ABD Gözüyle 4 Mayıs Krizi




Stephen Larrabee, Washington’daki en kıdemli Türkiye uzmanlarından. Amerikan devleti için strateji üreten RAND düşünce kuruluşunun Avrupa Güvenliği Masası Şefi. Aynı zamanda ABD Dışişleri için siyaset üreten CFR’nin önemli bir üyesi.

2010 yılında Aydınlık dergisi ile yaptığı bir söyleşide Larrabee, dönemin Dışişleri Bakanı Davutoğlu ile sürekli bir araya geldiğini ve birbirlerinin fikirlerine sık sık danıştıklarını anlatmıştı. Larrabee’nin, Davutoğlu’nun yükseldiği o süreçte yanında bulunduğu biliniyor.
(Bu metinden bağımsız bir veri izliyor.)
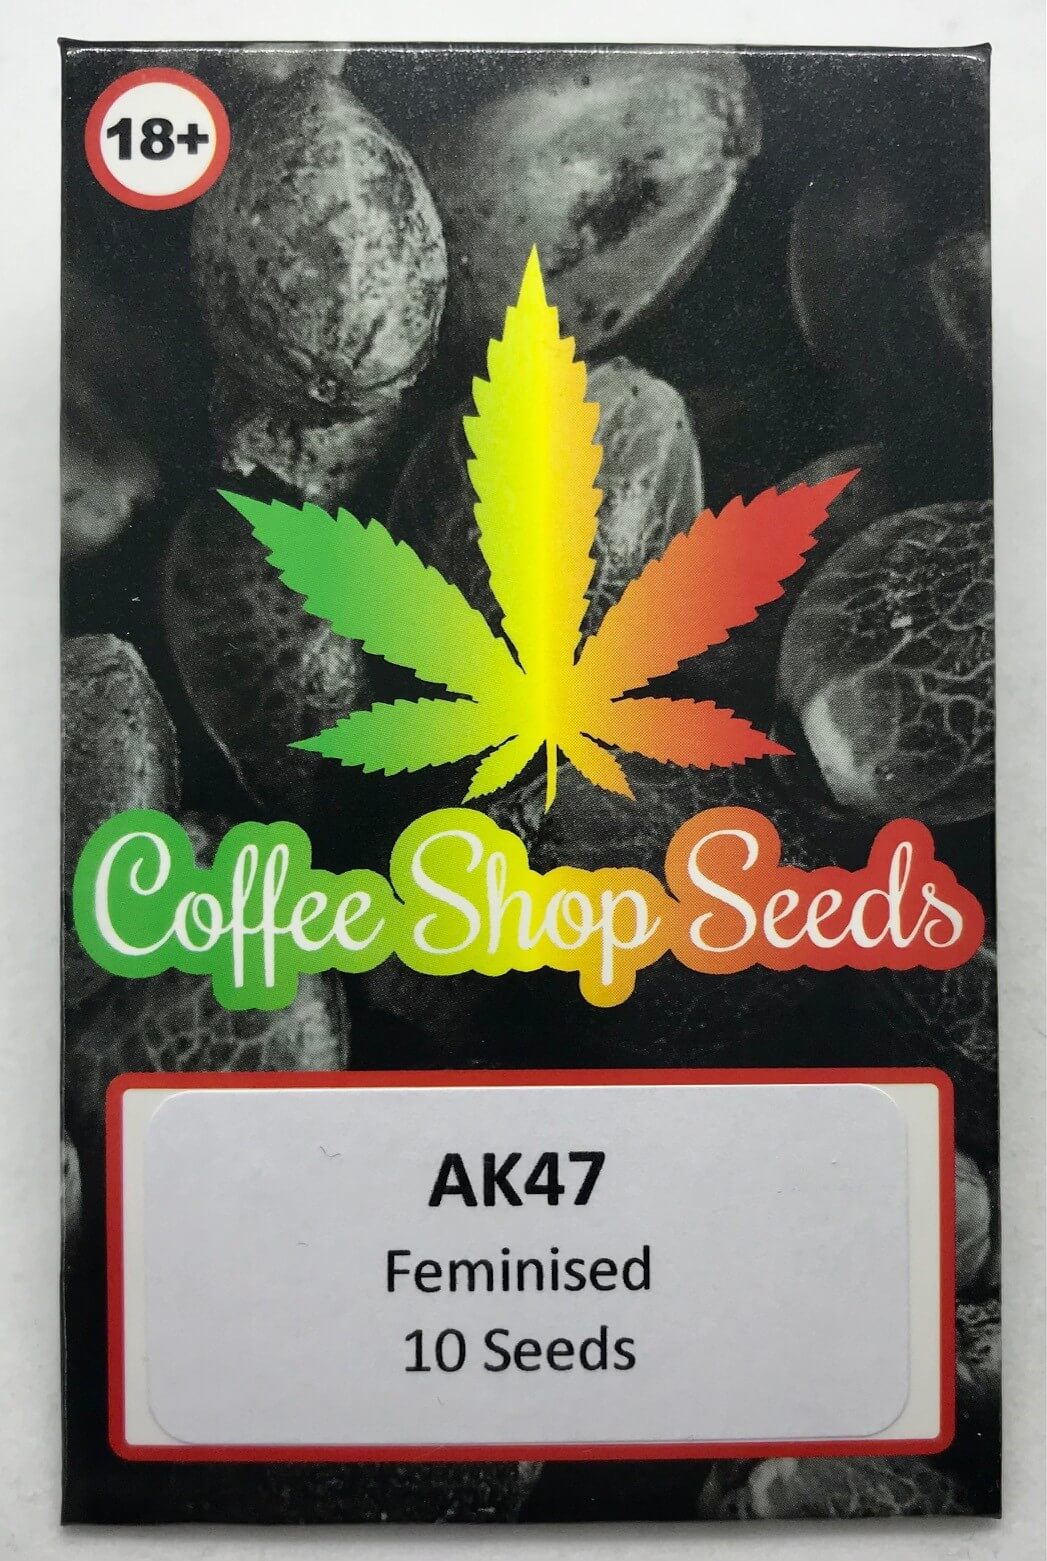 AK47 feminised weed seeds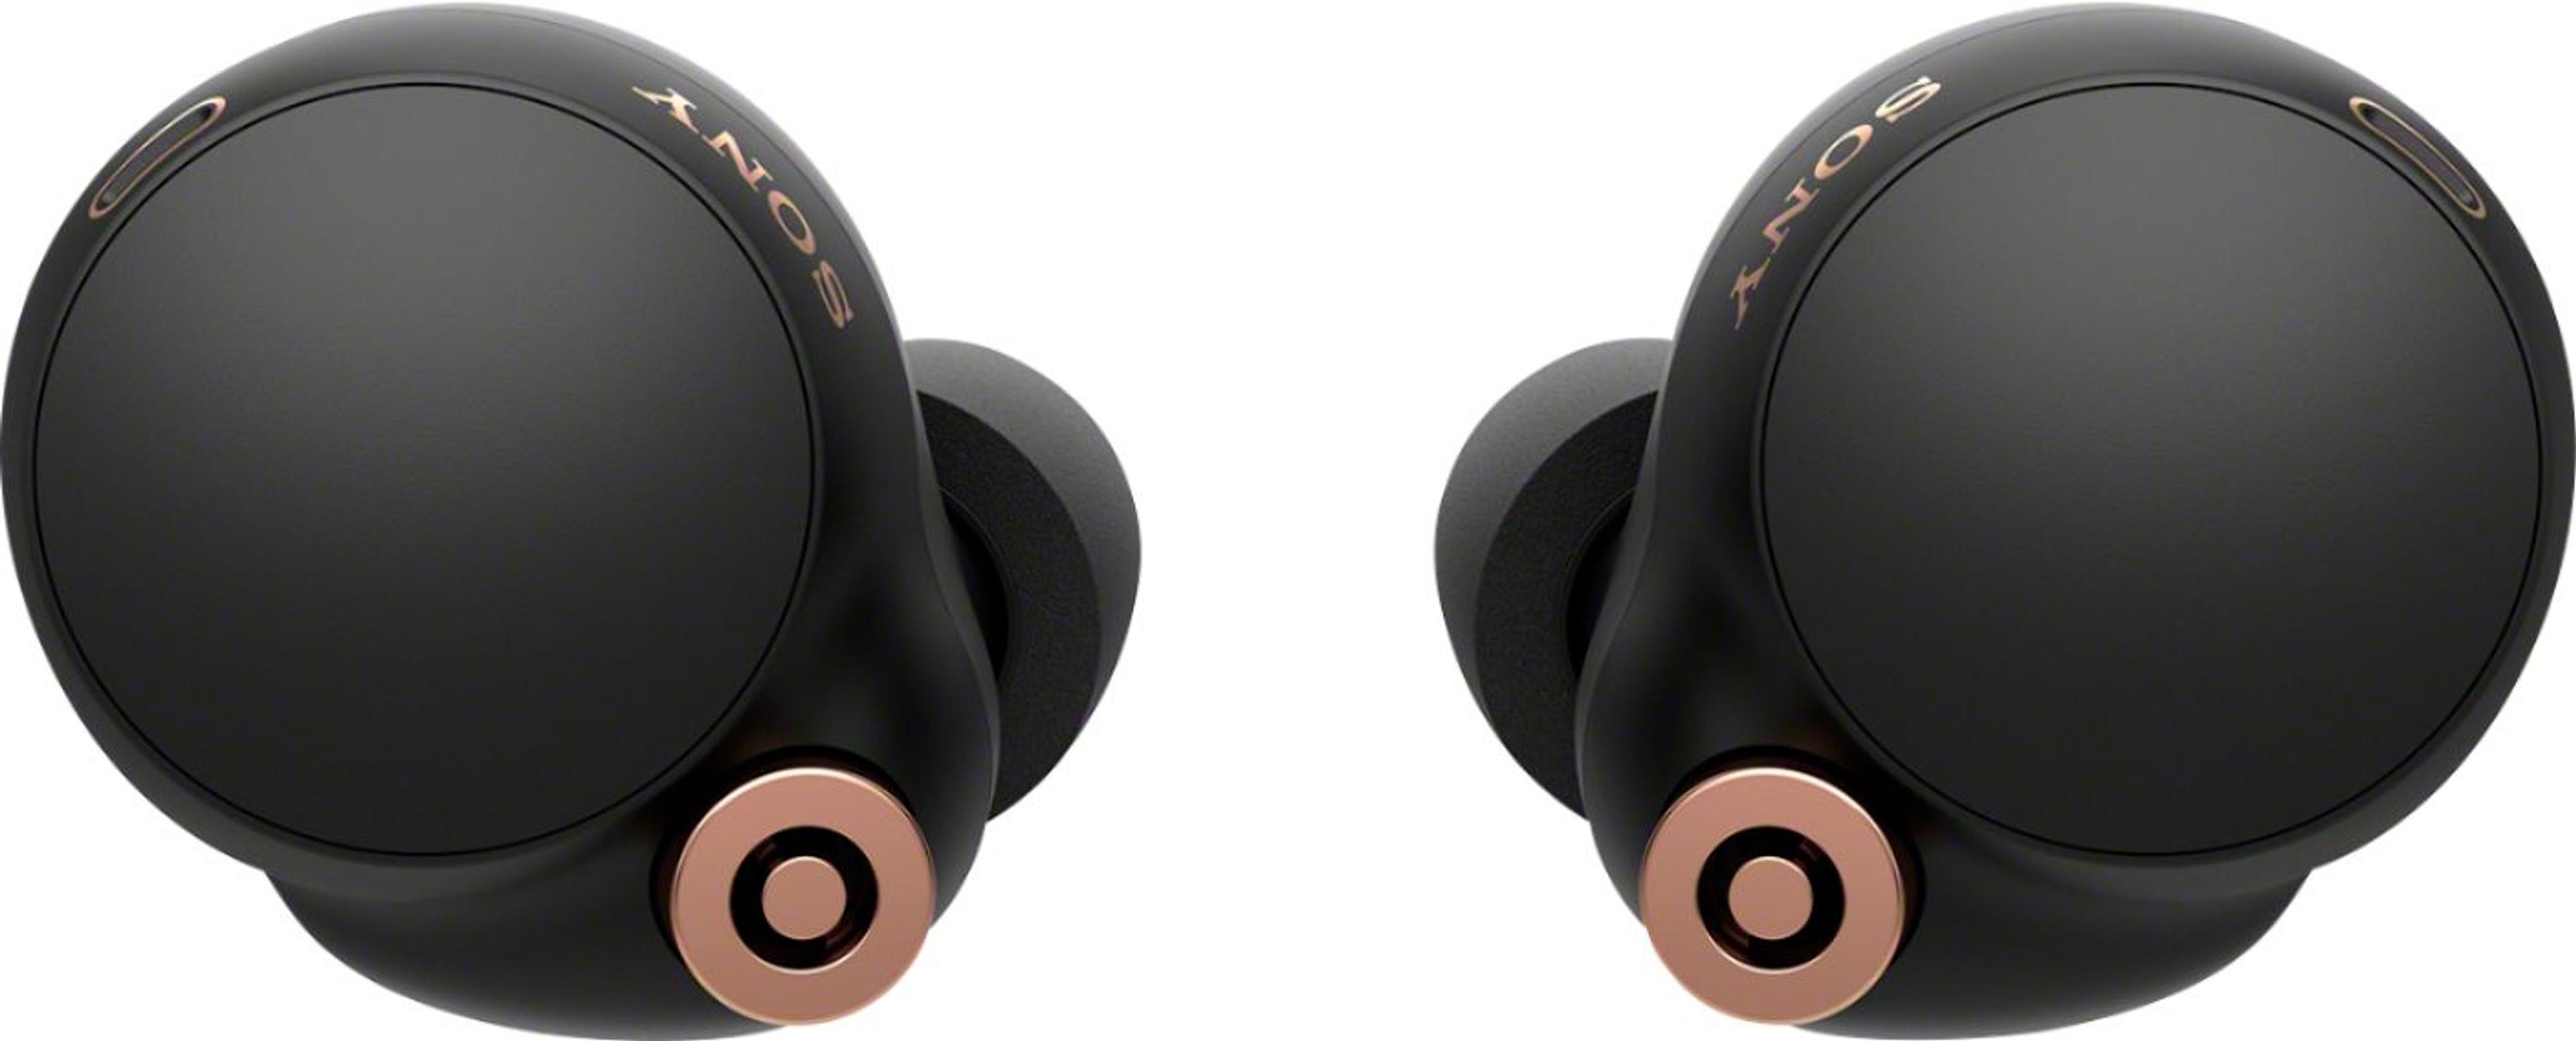 Sony WF-1000XM4 True Wireless Noise Cancelling In-Ear Headphones Black WF1000XM4/B - Best Buy

Değişik dönemlerde Washington yönetimlerinde görev alan Larrabee, şu anda Washington’daki eğilimleri ve Obama yönetimi siyaset belirlerken yaşanan süreçleri içeriden birisi olarak biliyor. Davutoğlu’nun istifasını konuştuğumuz Larrabee’nin sözleri bu çerçevede daha da önem kazanıyor.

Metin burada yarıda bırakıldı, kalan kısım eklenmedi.